Segment Start: Collected material

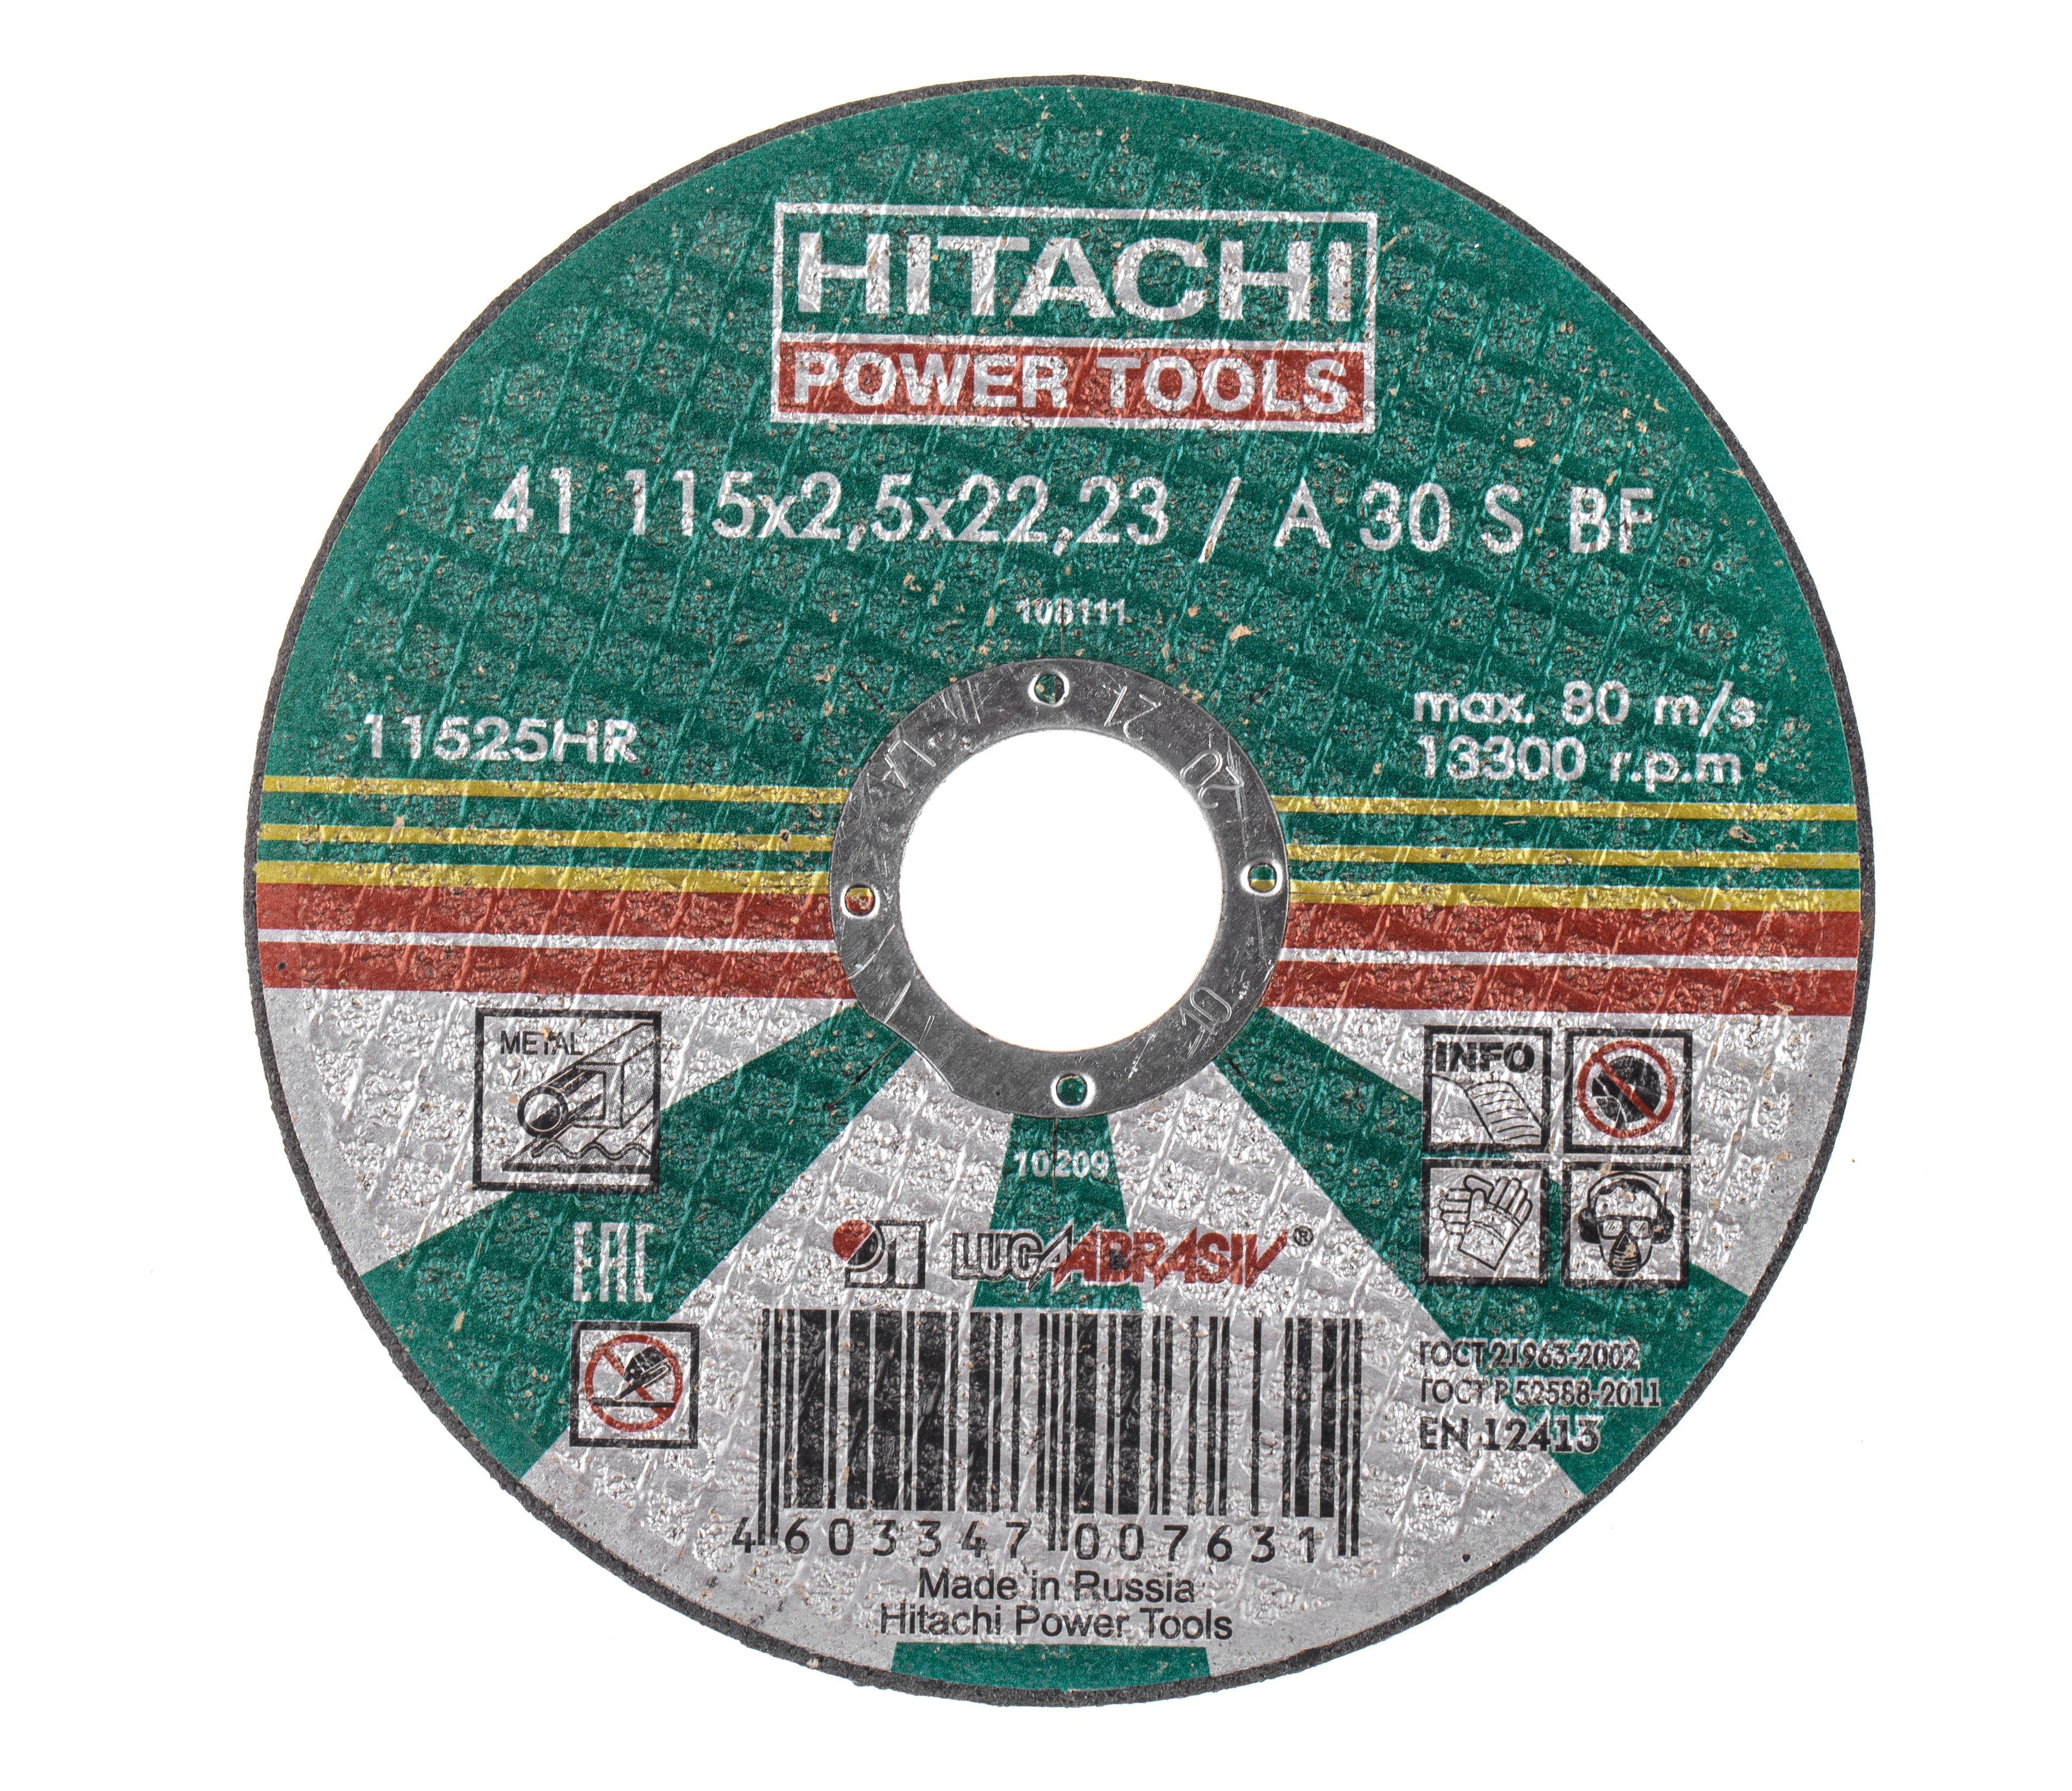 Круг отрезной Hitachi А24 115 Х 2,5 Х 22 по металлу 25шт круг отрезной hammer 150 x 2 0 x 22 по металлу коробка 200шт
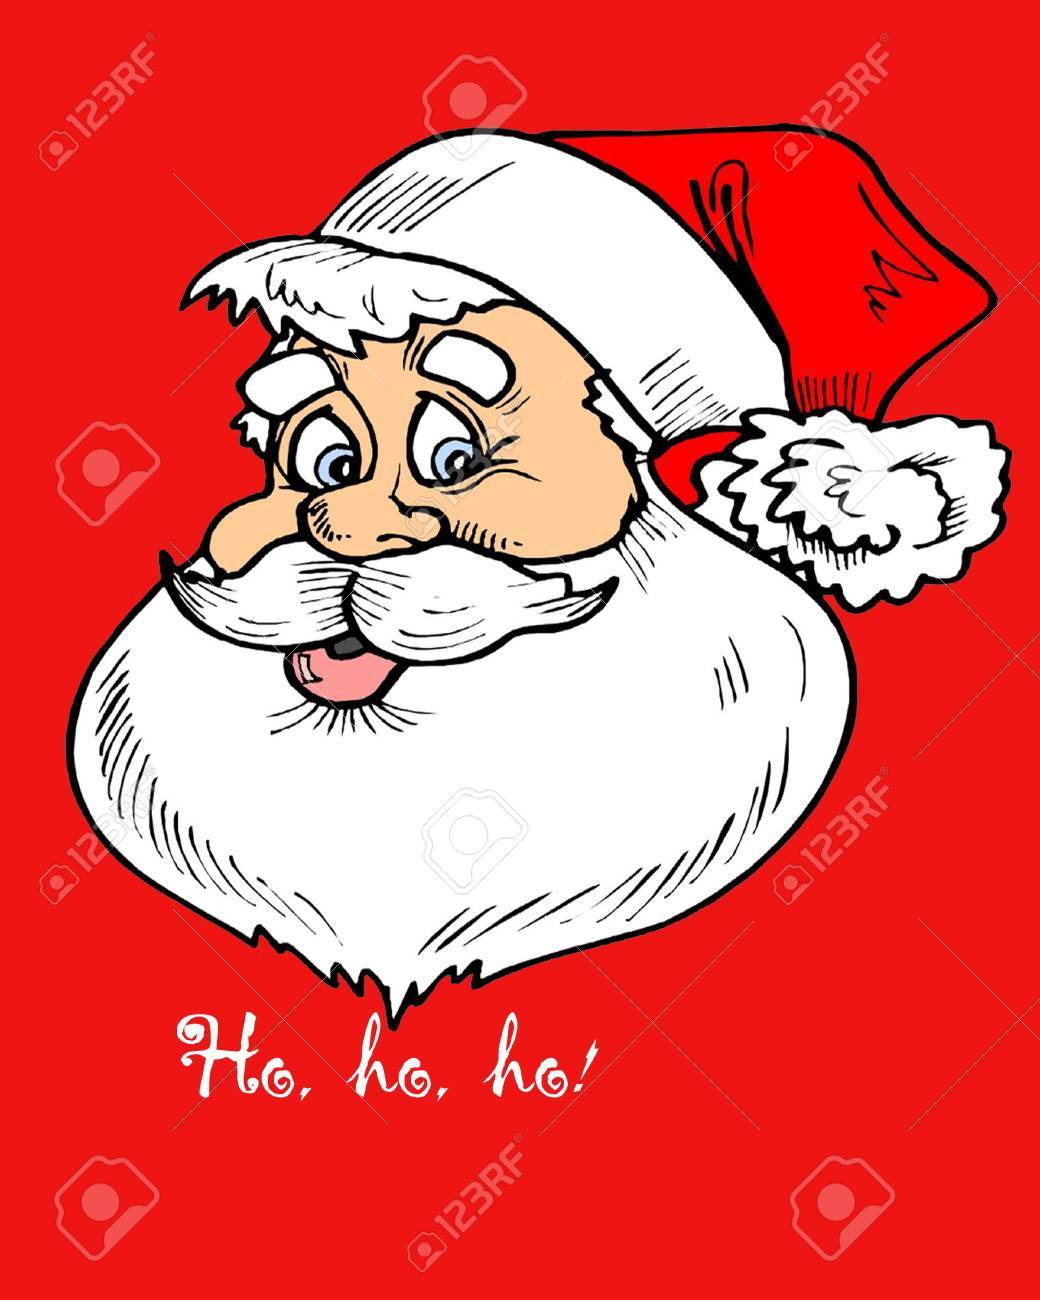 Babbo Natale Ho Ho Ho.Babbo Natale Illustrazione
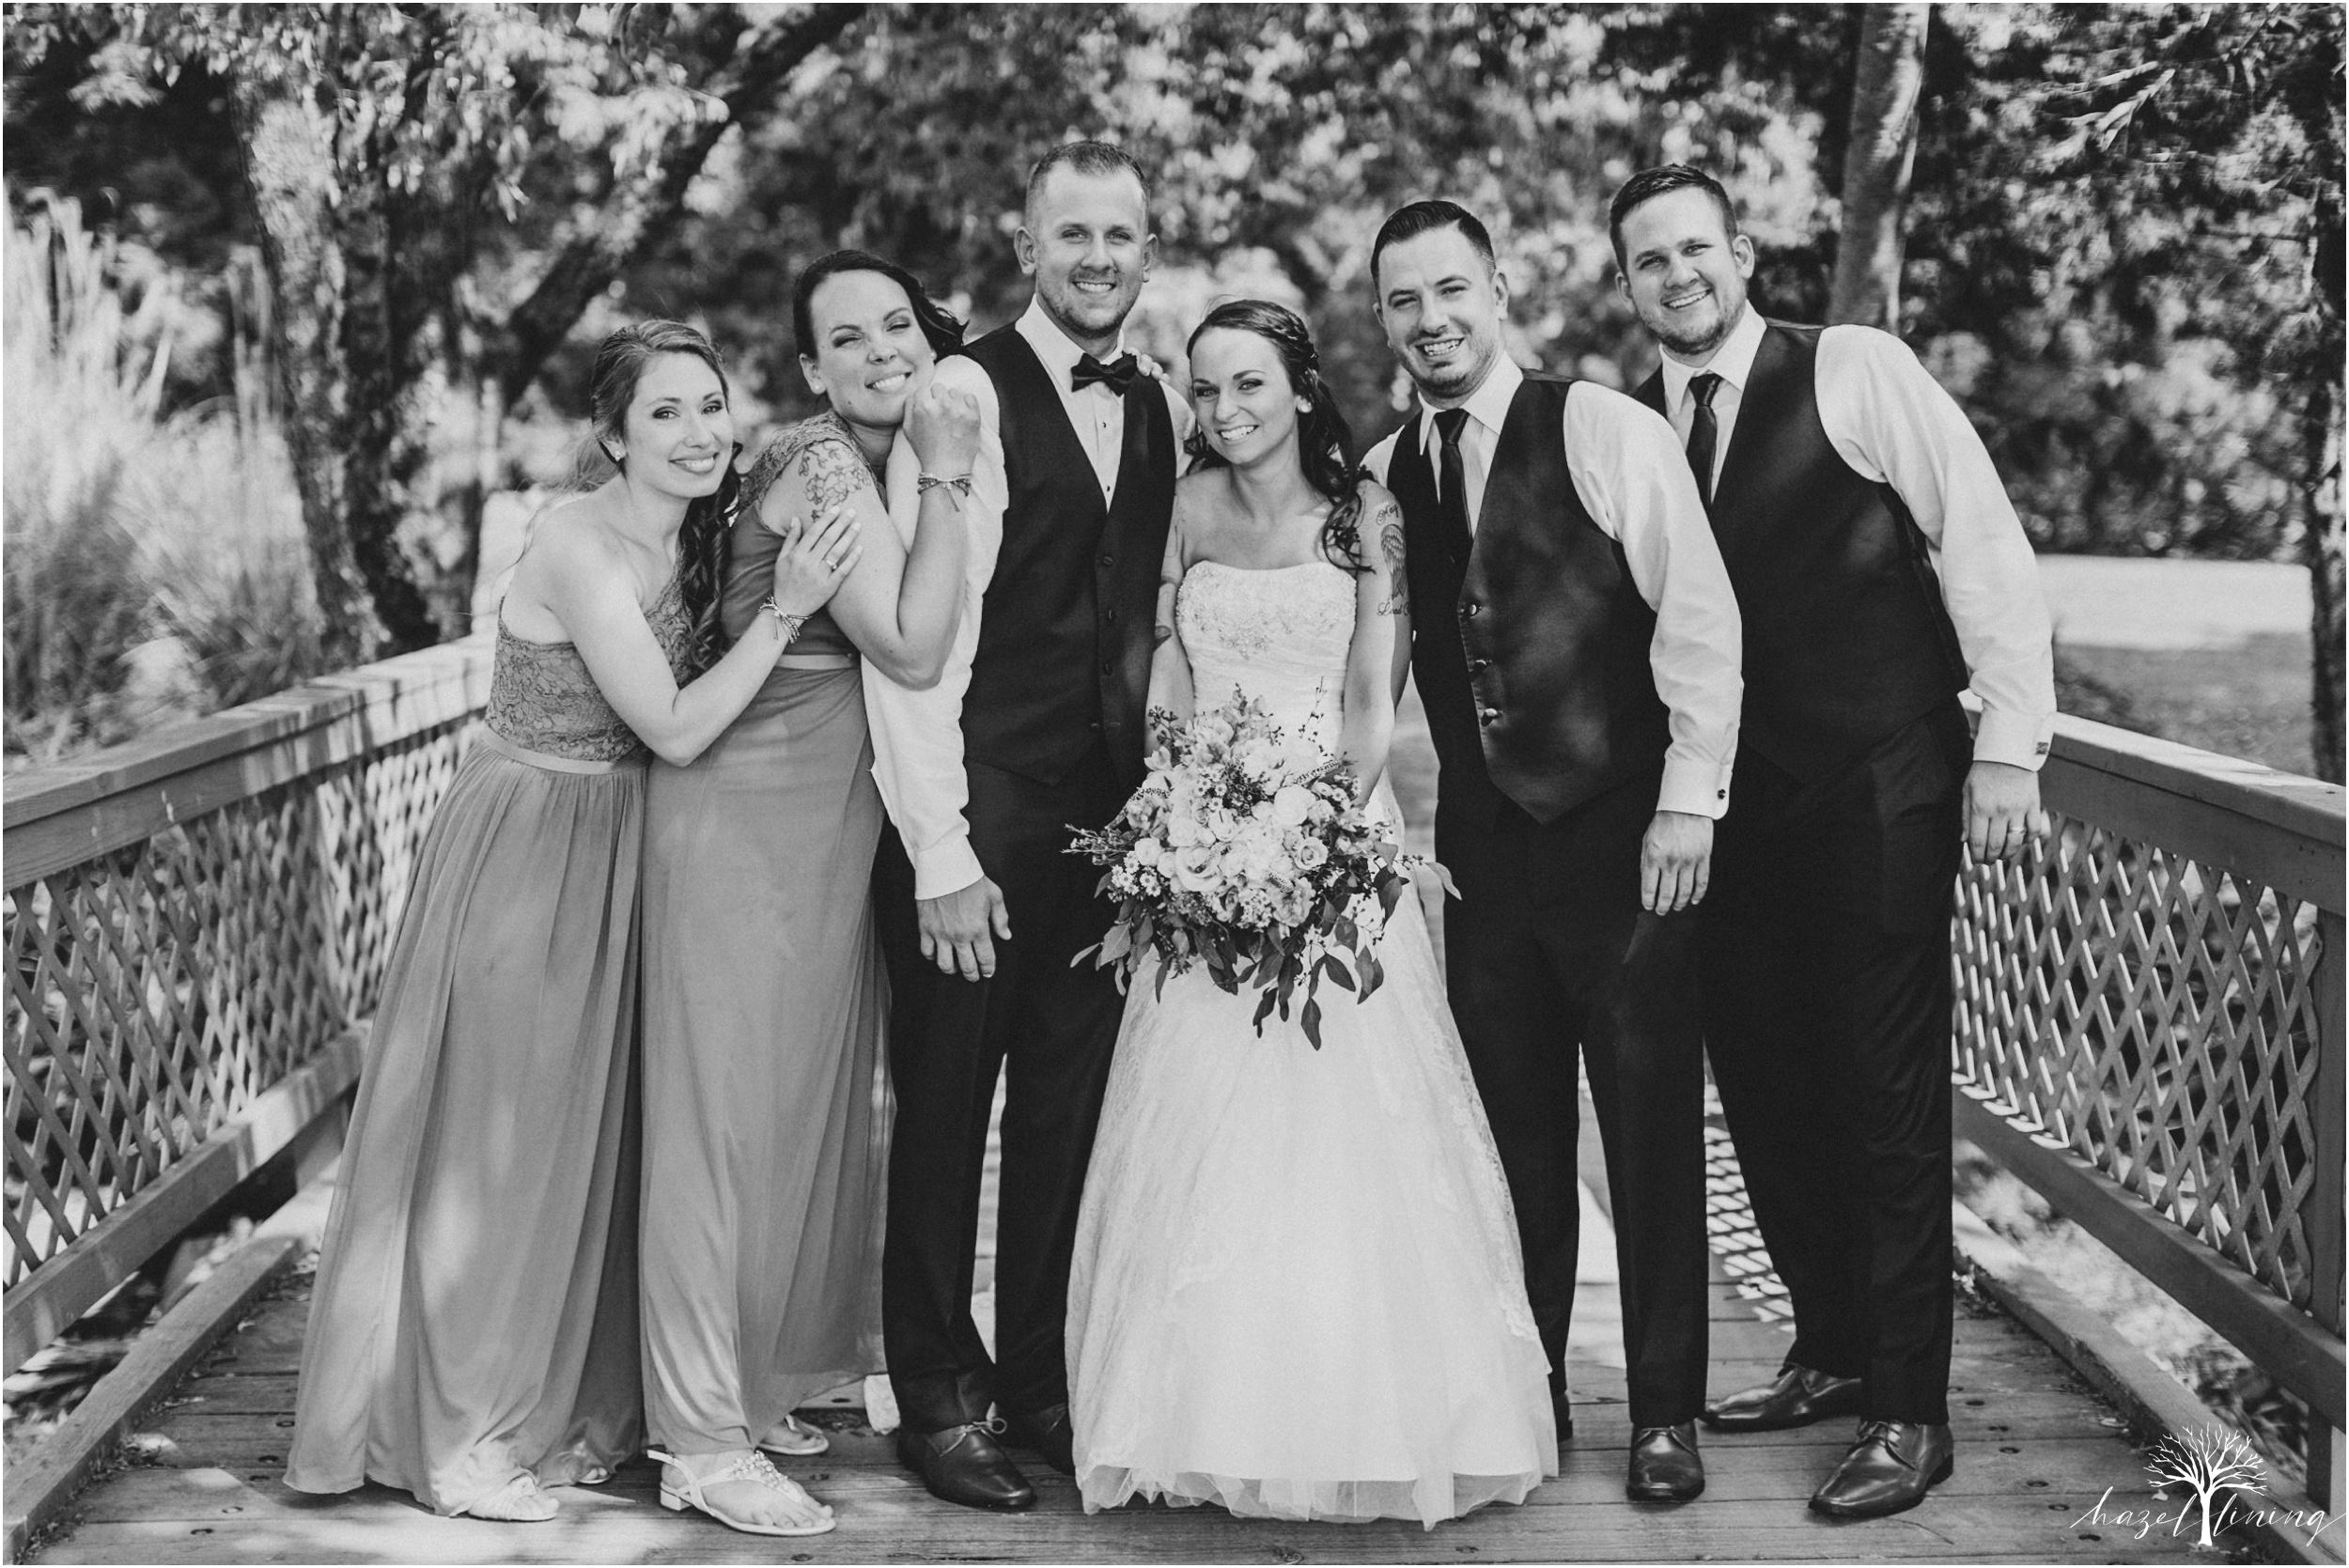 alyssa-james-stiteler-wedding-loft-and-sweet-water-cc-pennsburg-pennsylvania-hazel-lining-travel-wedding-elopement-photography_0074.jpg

Segment End: Collected material

**What to produce:** Reproduce the material above in full and without alteration, but skip all pictures.

**Output for this task:**
 Круг отрезной Hitachi А24 115 Х 2,5 Х 22 по металлу 25шт круг отрезной hammer 150 x 2 0 x 22 по металлу коробка 200шт
 Babbo Natale Ho Ho Ho.Babbo Natale Illustrazione
 alyssa-james-stiteler-wedding-loft-and-sweet-water-cc-pennsburg-pennsylvania-hazel-lining-travel-wedding-elopement-photography_0074.jpg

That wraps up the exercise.